Figure 1: Our deep generative network DSM-Net encodes 3D shapes with complex structure and fine geometry in a representation that leverages the synergy between geometry and structure, while disentangling these two aspects as much as possible. This enables novel modes of controllable generation for high-quality shapes.Left: results of disentangled interpolation. Here, the top left and bottom right chairs (highlighted with red rectangles) are the input shapes. The remaining chairs are generated automatically with our DSM-Net, where in each row, the structure of the shapes is interpolated while keeping the geometry unchanged, whereas in each column, the geometry is interpolated while retaining the structure. Right: shape generation results with complex structure and fine geometry details by our DSM-Net. We show close-up views in dashed yellow rectangles to highlight local details.
3D shape generation is a fundamental operation in computer graphics.
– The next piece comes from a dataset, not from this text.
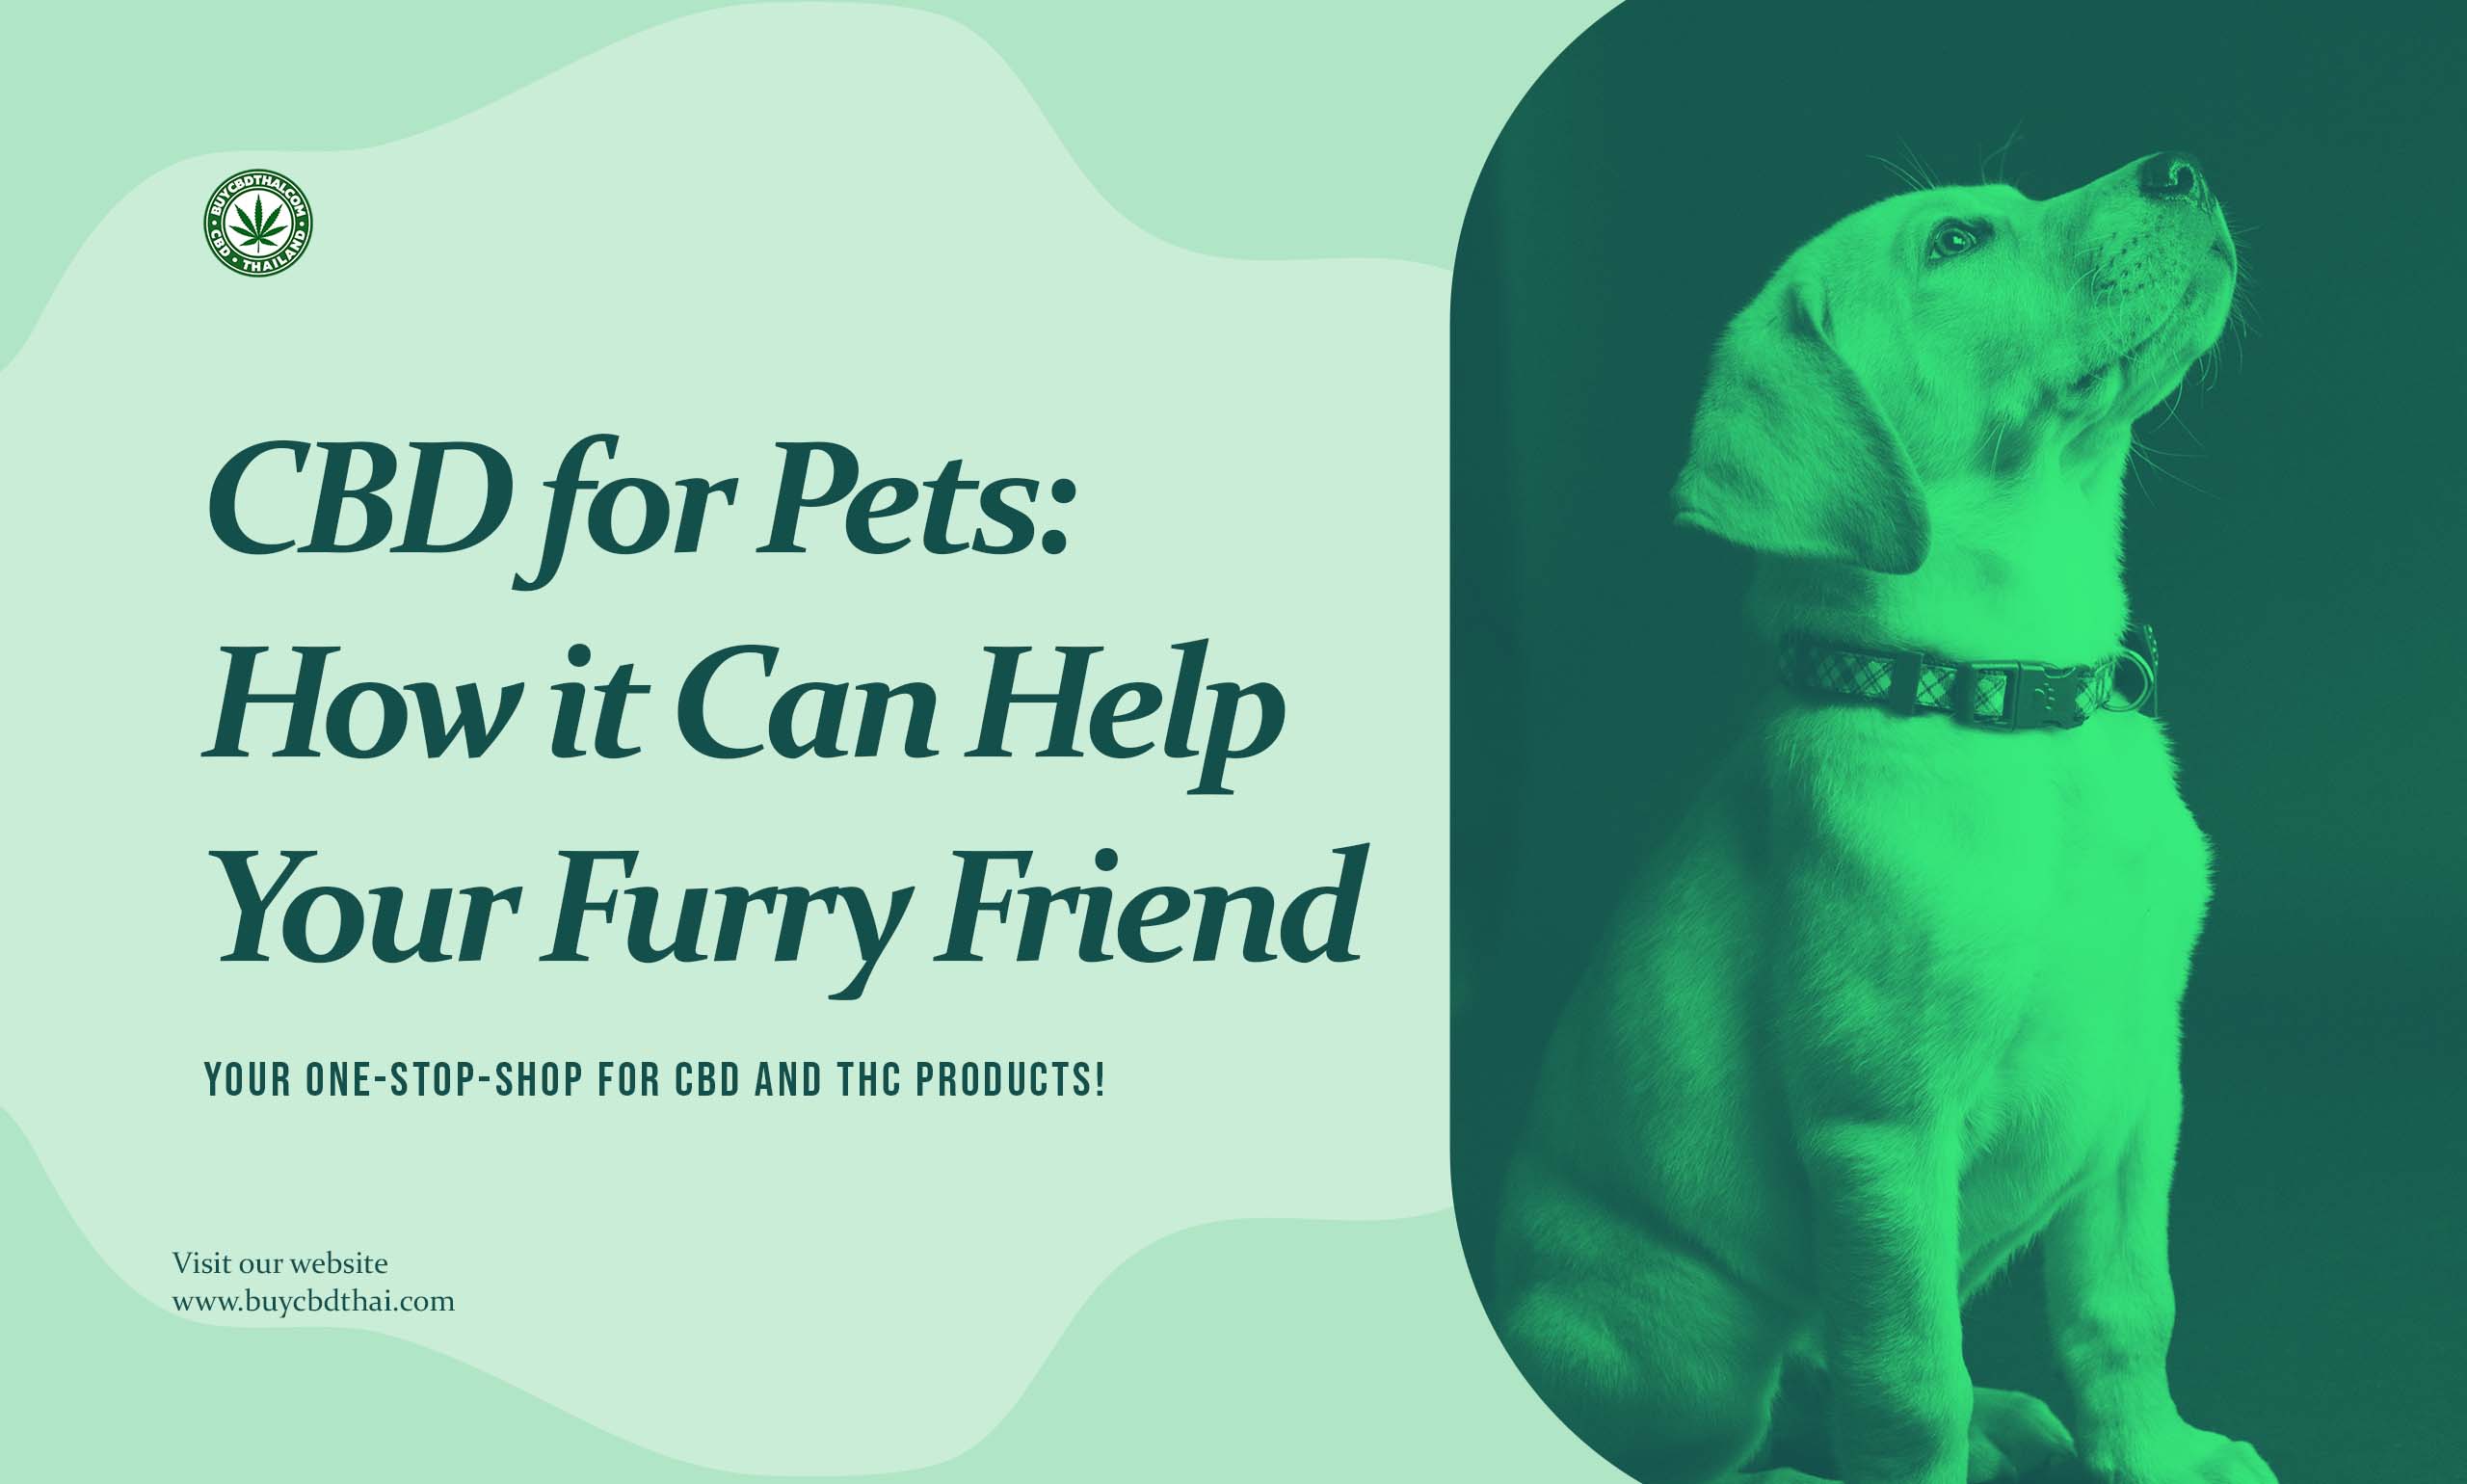 CBD for Pets: How it Can Help Your Furry Friend

While significant progress has been made, especially with recent deep generative models, it remains a challenge to synthesize high-quality geometric shapes with rich detail and complex structure, in a controllable manner. To tackle this, we introduce DSM-Net, a deep neural network that learns a disentangled structured mesh representation for 3D shapes, where two key aspects of shapes, geometry and structure, are encoded in a synergistic manner to ensure plausibility of the generated shapes, while also being disentangled as much as possible. This supports a range of novel shape generation applications with intuitive control, such as interpolation of structure (geometry) while keeping geometry (structure) unchanged. To achieve this, we simultaneously learn structure and geometry through variational autoencoders (VAEs) in a hierarchical manner for both, with bijective mappings at each level. In this manner we effectively encode geometry and structure in separate latent spaces, while ensuring their compatibility: the structure is used to guide the geometry and vice versa. At the leaf level, the part geometry is represented using a conditional part VAE, to encode high-quality geometric details, guided by the structure context as the condition. Our method not only supports controllable generation applications, but also produces high-quality synthesized shapes, outperforming state-of-the-art methods.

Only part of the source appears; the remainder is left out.